Les frais vétérinaires à 4,3 €/1 000 L
« Notre bâtiment a 30 ans, il fonctionne bien mais les bétons, qui étaient rainurés, étaient devenus glissants ; nous les avons fait scarifier. À l’avenir, nous allons peut-être investir dans des tapis dans les couloirs, pour améliorer encore le confort des pattes. C’est souvent ce critère qui nous pousse à réformer… »
Au global, les frais vétérinaires sont très restreints sur la ferme, à 4,3 €/1 000 L (la moyenne se situe plutôt à 10 €). « L’an passé, nous n’avons eu qu’une seule fièvre de lait », précise l’éleveur. « Les vieilles vaches ne nous coûtent pas plus cher, elles font peut-être un peu moins de lait… » En outre, « le fait d’avoir moins de veaux à élever réduit aussi la pression sanitaire sur les jeunes animaux. »

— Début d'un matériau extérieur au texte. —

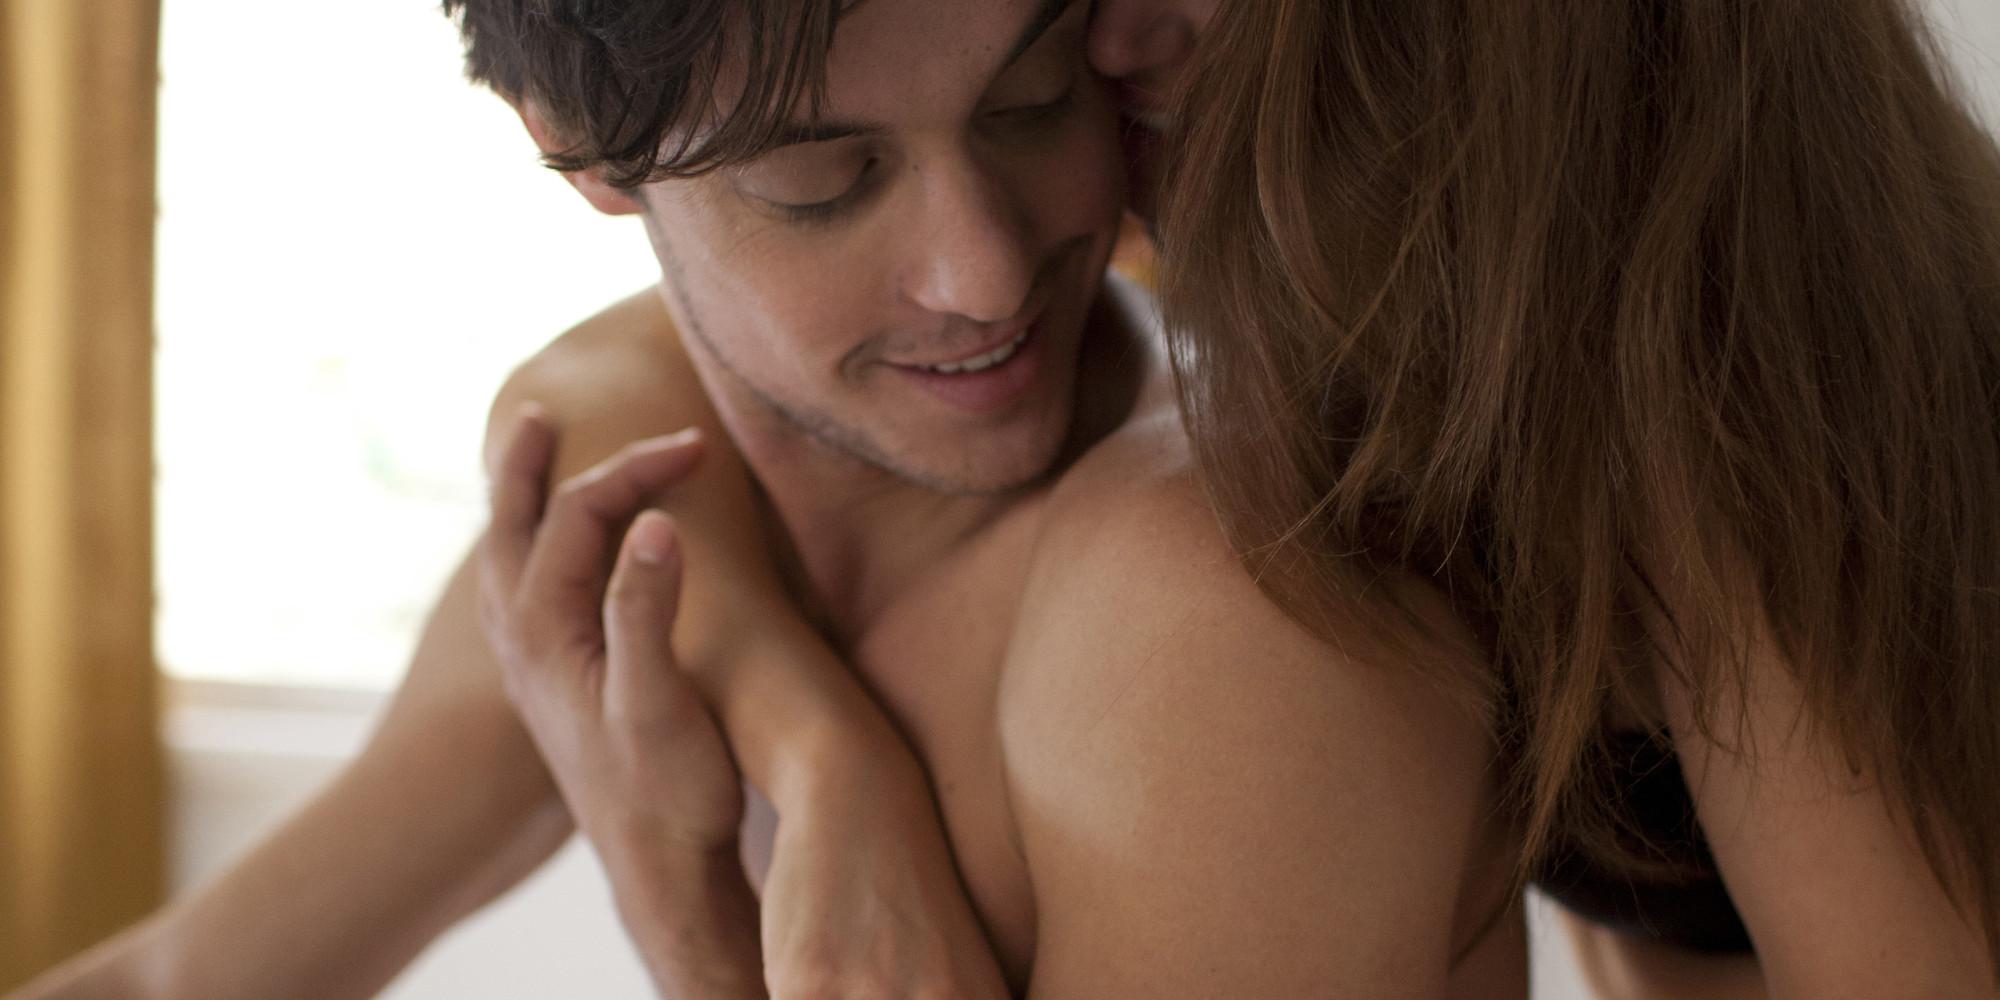 Sexual Arabic Videos 52

S’étant posé la question de la traite robotisée, les associés ont plutôt fait le choix d’une salle de traite neuve. « Nous sommes 3 trayeurs et la traite nous demande 1,5 heure à une personne. Cet équipement reste plus rentable que des robots sur notre exploitation. Et nous n’avons pas envie de rajouter des vaches dans le bâtiment. »
Toutes les femelles génotypées
Côté reproduction, « auparavant, mon père inséminait toutes les génisses en doses sexées et les vaches, en Blanc Bleu, pour des raisons économiques déjà. Le taux de renouvellement avait été abaissé. Mais certaines génisses ne nous plaisaient pas forcément pour conserver leur génétique. Aujourd’hui, des doses sexées sont mises sur environ 90 % des génisses mais aussi sur des vaches, avec un objectif de 20-25 génisses pour le renouvellement. Le reste des femelles est inséminé en Blanc Bleu. Toutes les femelles sont génotypées. Pour les accouplements, nous utilisons l’outil développé par Prim’Holstein France. Nous faisons attention à la consanguinité. »

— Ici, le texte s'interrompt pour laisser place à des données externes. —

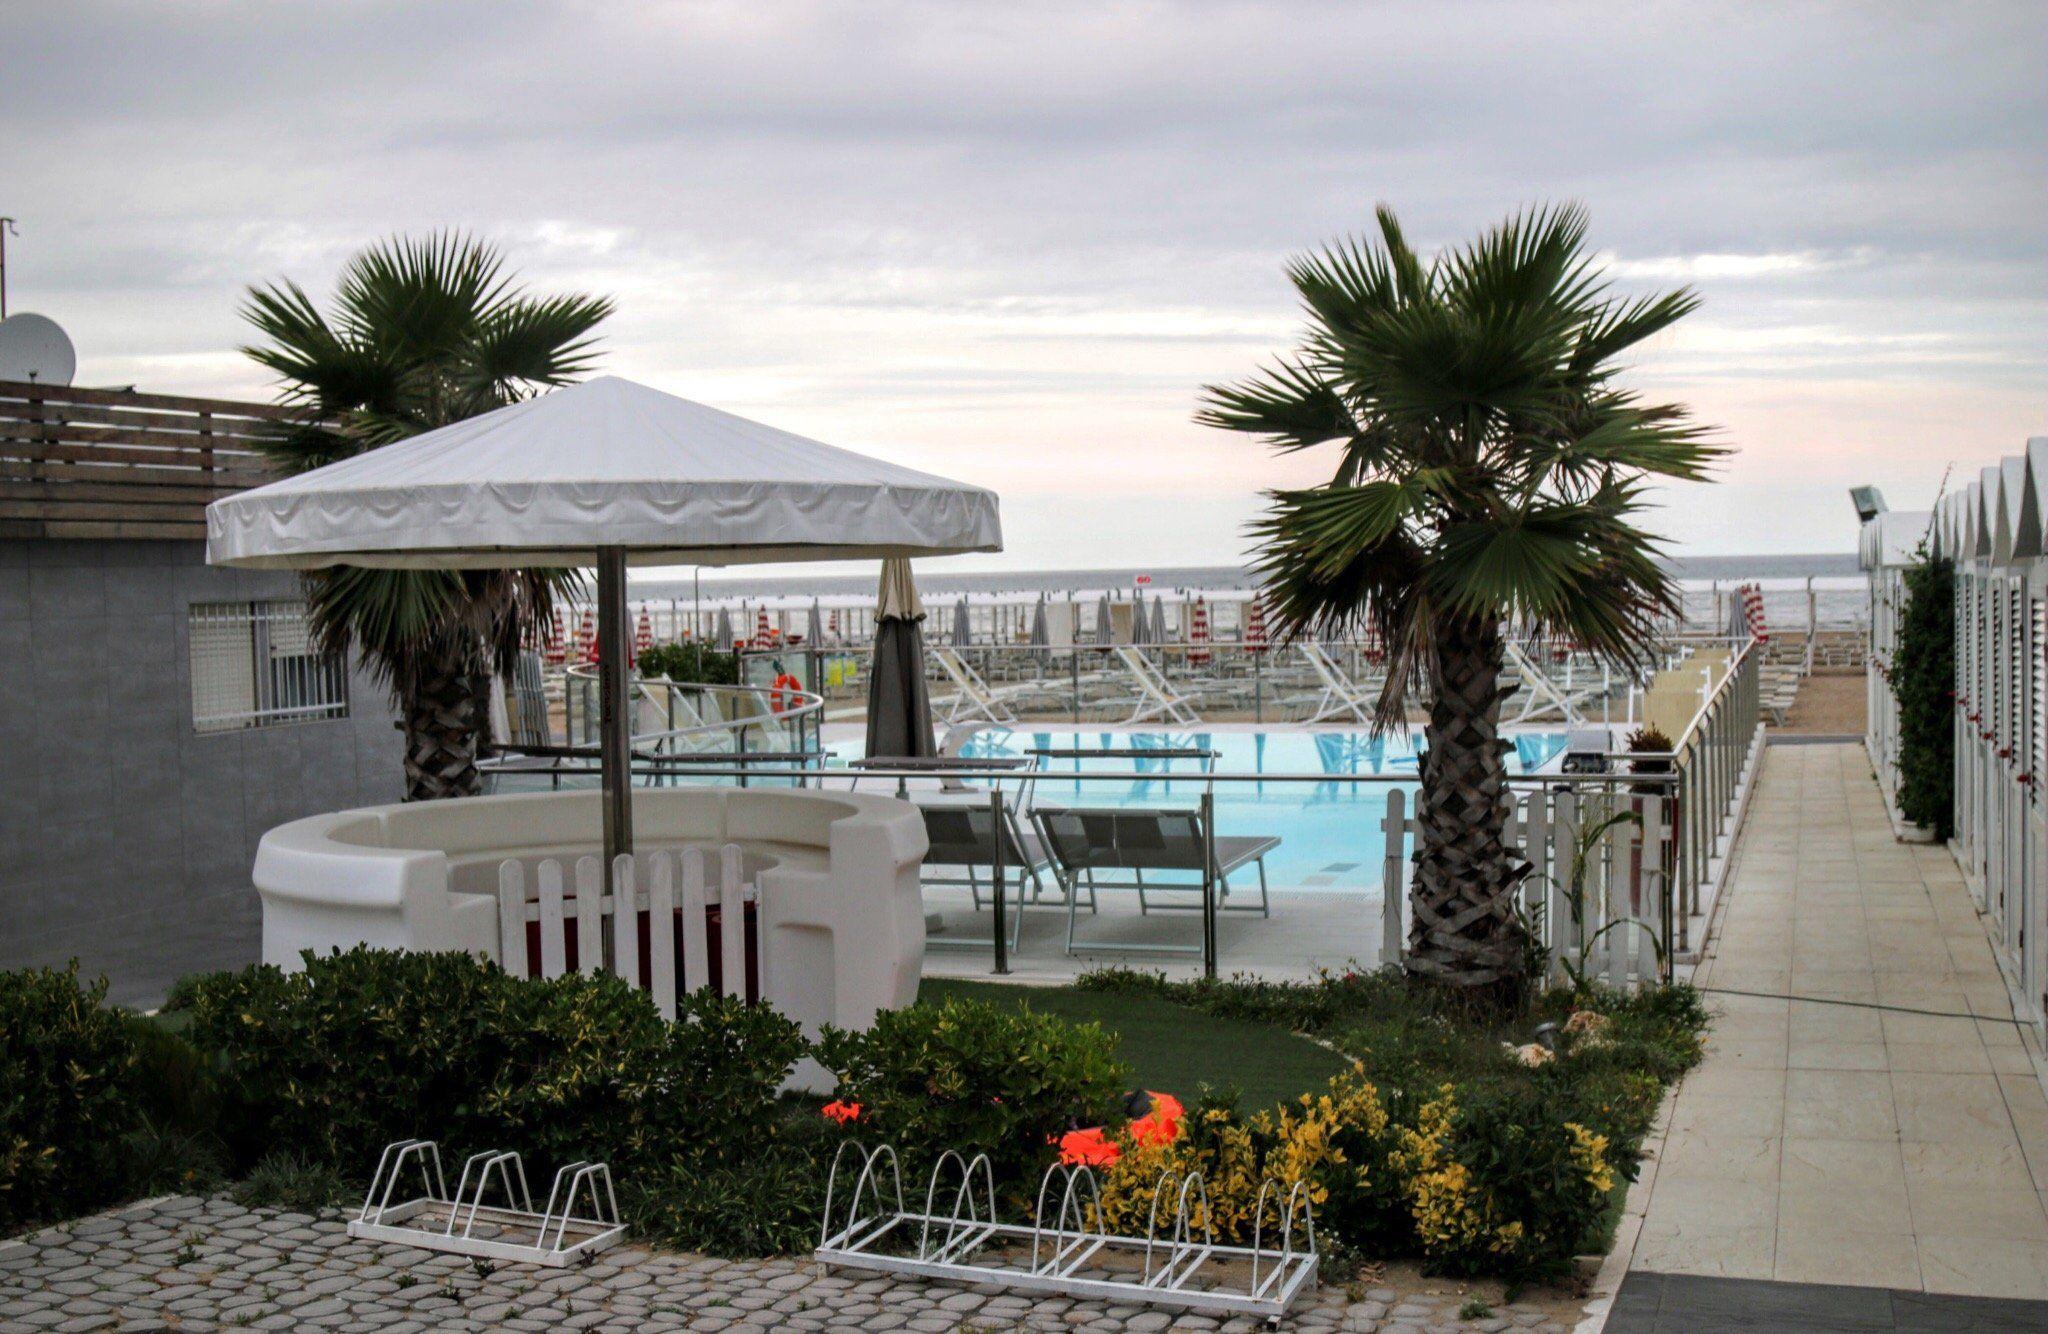 Spiaggia 60 Riccione (Italy): Top Tips Before You Go - TripAdvisor ...

3,6 lactations à la réforme en moyenne
Parfois, jusqu’à 6 IA sont réalisées sur une femelle, « cela ne nous gêne pas. » Si certains éleveurs refusent d’inséminer des vaches qui ont eu 5 veaux, « pour nous, ce n’est pas un problème. Nous détenons une vingtaine de vaches à 5 lactations et plus. Cette année sans doute, nous allons avoir une dizaine de vaches qui vont dépasser les 100 000 L de production, même si ce n’est pas un objectif. Parfois, nous avons ‘la lactation de trop’. Par exemple, une de nos vaches de 11 ans a fait une hémorragie d’un trayon, mais nous assumons le risque car le gain économique grâce à la réduction du renouvellement est supérieur. »

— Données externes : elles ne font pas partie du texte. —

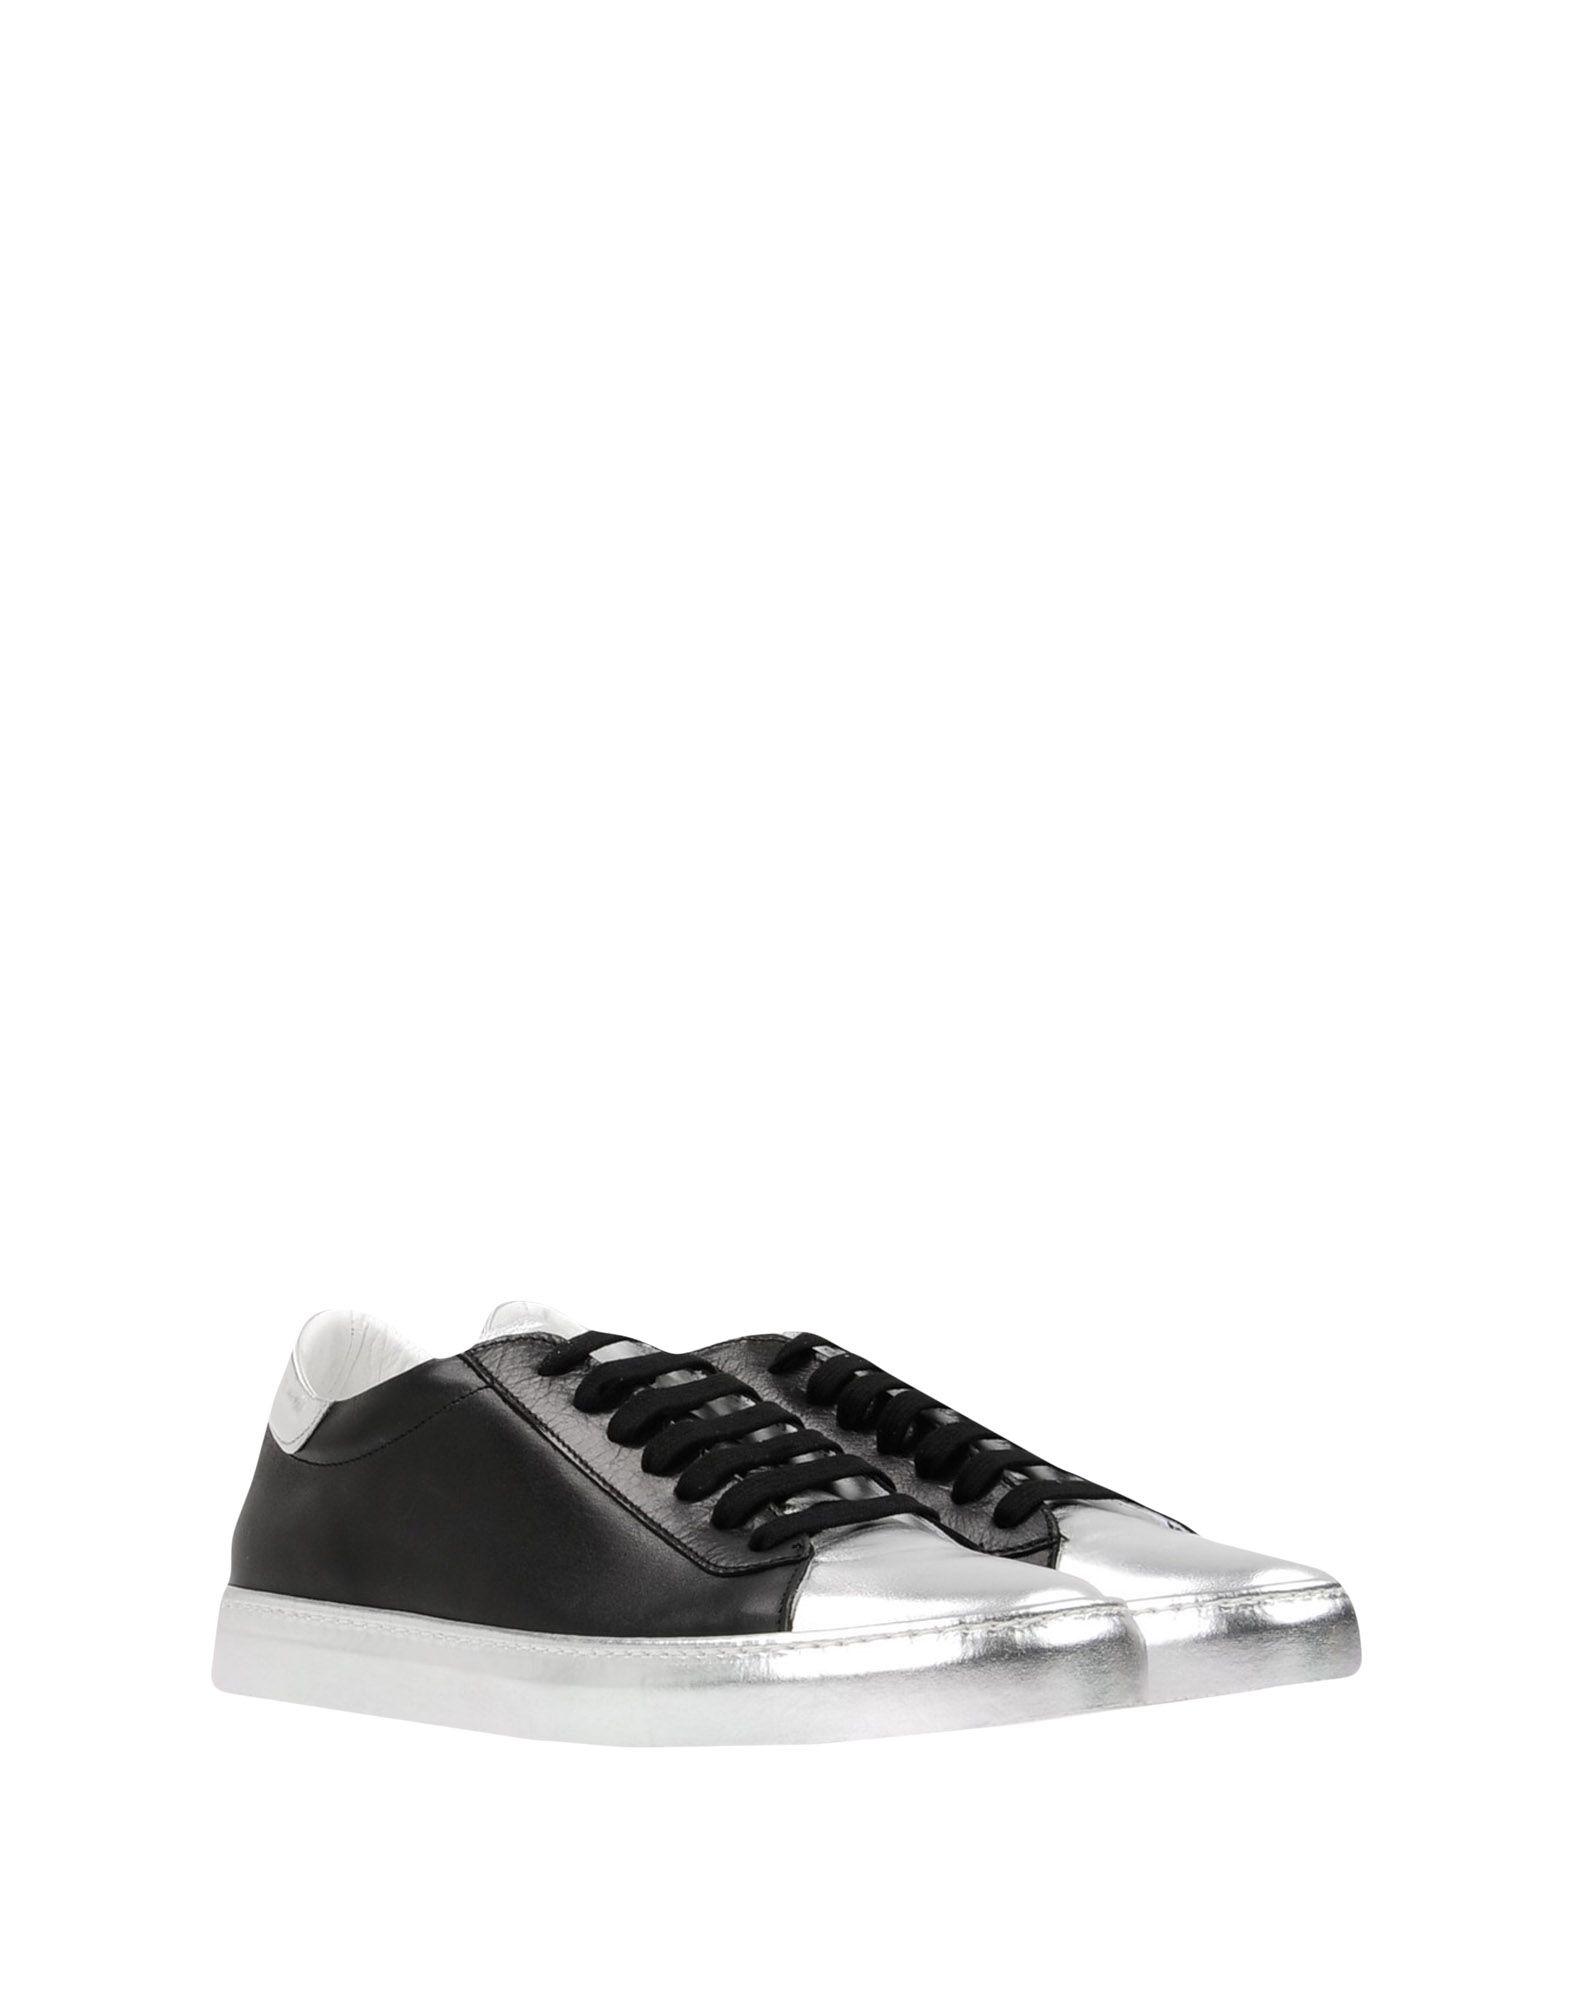 8 Sneakers Herren  11391425XT Heiße Schuhe Schuhe Heiße 6df568

« Pas de peur de manque de génisses »
Notre objectif de taux de renouvellement est de 20 % ; l’an passé, il est même descendu à 16 %. Manquer de génisses peut être une crainte sur des exploitations. « Si cela nous arrive, on garde des vaches en production un peu plus longtemps, on insémine un peu plus en Prim’Holstein, voire on perd un peu de lait. Nous n’achetons jamais à l’extérieur, pour des raisons sanitaires. »
17 kg/jour de vie
Les associés ne réforment pas non plus les vaches en première lactation sur critère de production. « Nous savons qu’en 2e ou 3e lactation, une vache dépasse les 10 000 kg. » Sur l’élevage, l’excellente performance de longévité se traduit au travers de la production de 17 kg/jour de vie des vaches réformées : un critère qui combine l’âge au premier vêlage (24 mois sur la ferme), la production, le nombre de lactations, l’intervalle vêlage-vêlage.
Agnès Cussonneau
Allonger les lactations
Désormais, « le sujet de l’allongement des lactations nous intéresse pour produire moins de veaux. Mais cela reste un pilotage à l’animal. Certaines de nos vaches, sur 600 jours, ont produit 30 kg/jour de moyenne. Sur une lactation, des vaches ont fourni 20 000 kg. Sur les primipares, on allonge plus facilement la lactation, pour beaucoup jusqu’à 400 jours », ajoute l’agriculteur.La bonne performance économique de l’EARL Bertot est mise en exergue dans les 3 groupes lait auxquels les éleveurs participent, au niveau départemental, régional et national. Lors d’un voyage aux Pays-Bas, Félix Bertot a pu constater la forte hausse du nombre de lactations à la réforme dans ce pays. Ils ont gagné une lactation en 3 ans, passant à environ 4 lactations/vache réformée, notamment du fait des contraintes environnementales et de la pression sociale sur les émissions de GES et le bien-être des animaux.